Day-old beef, leftover steak from the night before, already seasoned with plenty of garlic (I like that) and ginger and rosemary, were thrown in a pot of beer (!) and some other stuff mixed in and braised to a point of falling to shreds. The structural integrity of an apartment was put at risk to create this meal and a over-dramatic girlfriend was tricked into thinking the stove was left on for hours with no one home by accident. The beef was pulled easily apart into beautiful, moist ribbons of warm, tender flesh, basted a bit with its own cooking juice, and placed on half of a roll. This roll was purchased minutes before at a local panaderia with somewhat obsessive precision – an endless Q&A about freshness, shape, moisture and type rattling off across the counter. I like precision. The roll halves were also toasted in a pan with some butter to crisp them for textural contrast against the juicy, soft shreds of meat. The other side of the roll was topped off with some fresh baby arugula, a slice of brie and some sauteed cherry tomatoes, poor little things bursting out of their caramelized, smokey skins, robbed of their youthful freshness. Slapping the two sides together and letting all these things combine resulted in something truly wonderful, a perfection that surprised both myself and its creator, especially since it was his first time venturing into braised pulled meats. The humid heat of the moist, impossibly juicy meat melted the brie almost instantaneously, turning it into a creamy, salty binding agent which held together the two sides. The meat itself had a serious depth of flavor – the murky base of the beer, combined with the freshness of the ginger, the sweetness of all that garlic and the fireplace comfort of the rosemary creating something pretty mature and downright elegant in the sandwich. The arugula maintained its leafy green freshness, its cool and its peppery attitude while the tomatoes flooded the bite with a caramelized vegetal moisture and the bit of acid which was necessary to round out this sandwich. The bread held its ground against the meat, staying crispy and light instead of going soggy. And the pride and congratulatory kisses that came with the sandwich was the perfect dessert.

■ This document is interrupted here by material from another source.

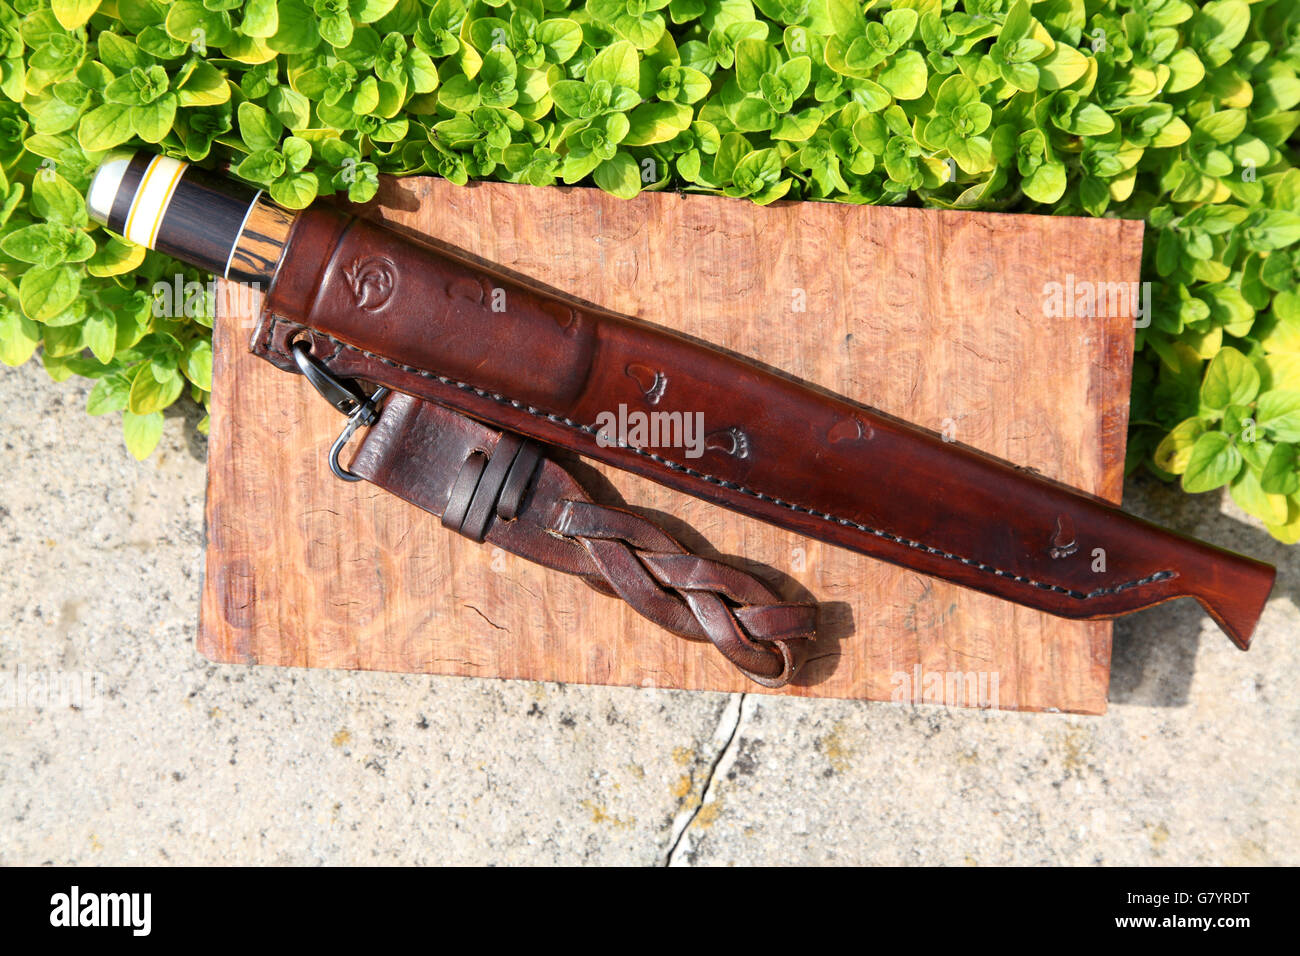 A decorative filleting knife enclosed in a brown leather scabbard laying on a wall with a belt 'dangler' attached Stock Photo

I don’t think there’s anything I appreciate more than my first meal of the day being thought out and made for me. Having just woken up, I can barely think and am still chasing after the details of my dreams when a tray of good-looking num-nums appears, and like Marie Antoinette I pick at things bird-like, feeling truly regal and spoiled and happy and satisfied and thankful beyond measure. My absolute favorite is this improved Eggs Benedict. Toasted roll with morcilla squeezed out of its casing and crisped up like corned beef hash in the pan, topped with a delicate angel-soft poached egg, drizzled with a tiny bit of olive oil and sprinkled with dry spices or just a tiny bit of pepper. The yolk explodes when bit into and floods the mouth, coating it with its protein-rich velvety smooth texture. The salty, slightly sweet, deliciously irony and earthy morcilla follows with its mushy softness contrasting against the crispy char on the bread. The trembling, light egg white is the ying to the morcilla’s gloomy yang and the bread is the canvas on which they are painted.

Chez Mister is home, and happiness and the benchmark set for everything else I eat. Without Chez Mister I think all food would taste like crap to me.